Il ruolo delle ASL, che sono produttori di prestazioni, è sicuramente rilevante per il controllo della mobilità, perché agisce sia sul versante della produzione (mobilità attiva) sia su quello del consumo (mobilità passiva) e, pertanto, il suo governo è più importante e necessario perché determina direttamente le modalità di uso delle risorse. Il governo di flussi di mobilità in entrata e in uscita dei pazienti si espleta sviluppando logiche e strumenti di marketing che essendo particolarmente sofisticati per il mondo sanitario, non sempre sono presenti, in quanto dovrebbero processare tutti i molteplici fattori che portano il paziente a privilegiare una struttura o un professionista sanitario.

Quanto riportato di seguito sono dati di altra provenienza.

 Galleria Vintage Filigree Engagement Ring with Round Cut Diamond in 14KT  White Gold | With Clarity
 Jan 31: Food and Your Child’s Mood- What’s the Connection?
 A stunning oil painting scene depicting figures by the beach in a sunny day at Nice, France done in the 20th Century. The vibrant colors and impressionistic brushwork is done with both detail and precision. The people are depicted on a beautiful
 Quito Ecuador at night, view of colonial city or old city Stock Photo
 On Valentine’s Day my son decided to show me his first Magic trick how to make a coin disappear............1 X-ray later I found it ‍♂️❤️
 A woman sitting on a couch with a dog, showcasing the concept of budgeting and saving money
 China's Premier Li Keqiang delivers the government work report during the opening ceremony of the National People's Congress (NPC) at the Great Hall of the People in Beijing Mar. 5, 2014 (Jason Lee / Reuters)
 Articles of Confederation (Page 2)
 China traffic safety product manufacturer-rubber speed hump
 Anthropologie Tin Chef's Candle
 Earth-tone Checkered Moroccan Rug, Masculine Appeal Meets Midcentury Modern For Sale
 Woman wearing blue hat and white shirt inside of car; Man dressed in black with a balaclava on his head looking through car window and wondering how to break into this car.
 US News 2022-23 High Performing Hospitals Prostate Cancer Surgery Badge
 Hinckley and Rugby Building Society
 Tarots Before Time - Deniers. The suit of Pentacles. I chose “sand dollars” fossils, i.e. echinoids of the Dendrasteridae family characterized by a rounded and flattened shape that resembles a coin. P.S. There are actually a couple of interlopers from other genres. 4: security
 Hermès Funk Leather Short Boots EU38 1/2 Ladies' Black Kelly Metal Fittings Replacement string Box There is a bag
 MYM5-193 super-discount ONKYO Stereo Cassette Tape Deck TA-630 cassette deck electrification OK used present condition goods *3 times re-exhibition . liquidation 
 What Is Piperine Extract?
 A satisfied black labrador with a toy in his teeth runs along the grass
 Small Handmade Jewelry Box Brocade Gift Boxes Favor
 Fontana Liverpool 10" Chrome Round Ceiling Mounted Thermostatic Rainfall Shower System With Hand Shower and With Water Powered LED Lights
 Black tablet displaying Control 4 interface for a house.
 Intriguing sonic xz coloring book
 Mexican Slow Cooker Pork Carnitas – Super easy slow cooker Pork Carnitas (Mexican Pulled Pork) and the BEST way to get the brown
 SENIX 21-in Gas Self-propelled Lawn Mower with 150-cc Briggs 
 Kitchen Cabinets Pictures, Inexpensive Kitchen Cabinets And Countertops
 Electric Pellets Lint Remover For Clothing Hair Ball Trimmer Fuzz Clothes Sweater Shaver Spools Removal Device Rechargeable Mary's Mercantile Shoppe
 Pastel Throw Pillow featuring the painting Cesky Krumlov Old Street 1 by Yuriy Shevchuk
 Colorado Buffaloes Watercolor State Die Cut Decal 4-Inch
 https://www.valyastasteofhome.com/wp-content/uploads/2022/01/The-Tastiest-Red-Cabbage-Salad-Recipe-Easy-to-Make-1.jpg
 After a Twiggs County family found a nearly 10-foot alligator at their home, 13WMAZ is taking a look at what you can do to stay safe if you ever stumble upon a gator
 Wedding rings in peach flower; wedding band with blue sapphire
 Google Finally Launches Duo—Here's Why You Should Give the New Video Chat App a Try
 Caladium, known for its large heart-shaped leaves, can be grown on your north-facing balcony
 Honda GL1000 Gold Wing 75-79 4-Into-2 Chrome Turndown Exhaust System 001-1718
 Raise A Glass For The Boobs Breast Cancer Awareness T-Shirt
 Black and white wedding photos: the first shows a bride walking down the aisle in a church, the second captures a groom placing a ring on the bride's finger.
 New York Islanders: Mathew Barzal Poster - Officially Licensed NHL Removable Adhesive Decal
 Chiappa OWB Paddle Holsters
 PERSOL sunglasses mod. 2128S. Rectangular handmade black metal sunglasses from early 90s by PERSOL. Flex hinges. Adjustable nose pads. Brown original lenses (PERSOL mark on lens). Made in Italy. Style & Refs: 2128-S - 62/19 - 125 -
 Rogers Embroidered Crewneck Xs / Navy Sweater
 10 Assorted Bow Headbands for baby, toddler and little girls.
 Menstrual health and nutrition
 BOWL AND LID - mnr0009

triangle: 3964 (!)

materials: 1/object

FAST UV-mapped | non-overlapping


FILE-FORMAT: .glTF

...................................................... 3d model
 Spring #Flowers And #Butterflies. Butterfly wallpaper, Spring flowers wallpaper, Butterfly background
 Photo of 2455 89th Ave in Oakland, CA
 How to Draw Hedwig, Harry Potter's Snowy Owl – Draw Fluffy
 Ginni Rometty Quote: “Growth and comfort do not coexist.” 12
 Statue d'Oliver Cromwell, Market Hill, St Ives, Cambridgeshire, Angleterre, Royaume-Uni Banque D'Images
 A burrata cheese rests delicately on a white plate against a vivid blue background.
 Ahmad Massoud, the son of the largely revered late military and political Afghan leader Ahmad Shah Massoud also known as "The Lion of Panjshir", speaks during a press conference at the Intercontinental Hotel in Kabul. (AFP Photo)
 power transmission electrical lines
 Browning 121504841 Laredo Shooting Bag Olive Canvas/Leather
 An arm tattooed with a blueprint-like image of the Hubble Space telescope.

Calandoci nella realtà degli strumenti aziendali di governo della mobilità, a titolo esemplificativo si può ricordare che un’Ausl che si focalizza sul gatekeeping responsabilizzerà a fondo i Medici di Medicina Generale (MMG sul luogo e l’ambito di cura dei propri assistiti).

Fra gli strumenti di governo, infine, non può non menzionarsi la formazione; la sanità è un settore ad alta intensità di personale e di conoscenze, che richiedono importanti investimenti in formazione, universitaria e continua, e l’agire di adeguate forme di socializzazione delle conoscenze, ad esempio tramite collaborazioni scientifiche e ambienti in grado di promuovere l’assorbimento di conoscenze. Mettere in campo azioni di governo della mobilità sanitaria sta diventando sempre più una priorità soprattutto in tempi di difficoltà economiche come quelli che oggi stiamo attraversando. L’attuale crisi finanziaria rischia di diventare un problema cronico e i provvedimenti, messi in atto dal governo italiano, finalizzati a ridurre da una parte i costi e dall’altra i volumi delle prestazioni sanitarie, finiranno presto per mettere a rischio i valori di universalismo, equità e solidarietà su cui si fonda il nostro SSN. L’altro rischio sarà quello di causare un’inaccettabile disparità di trattamento dei pazienti italiani rispetto a quello dei paesi europei più virtuosi, di cui l’Italia ha sempre fatto parte e deve necessariamente continuare a farlo.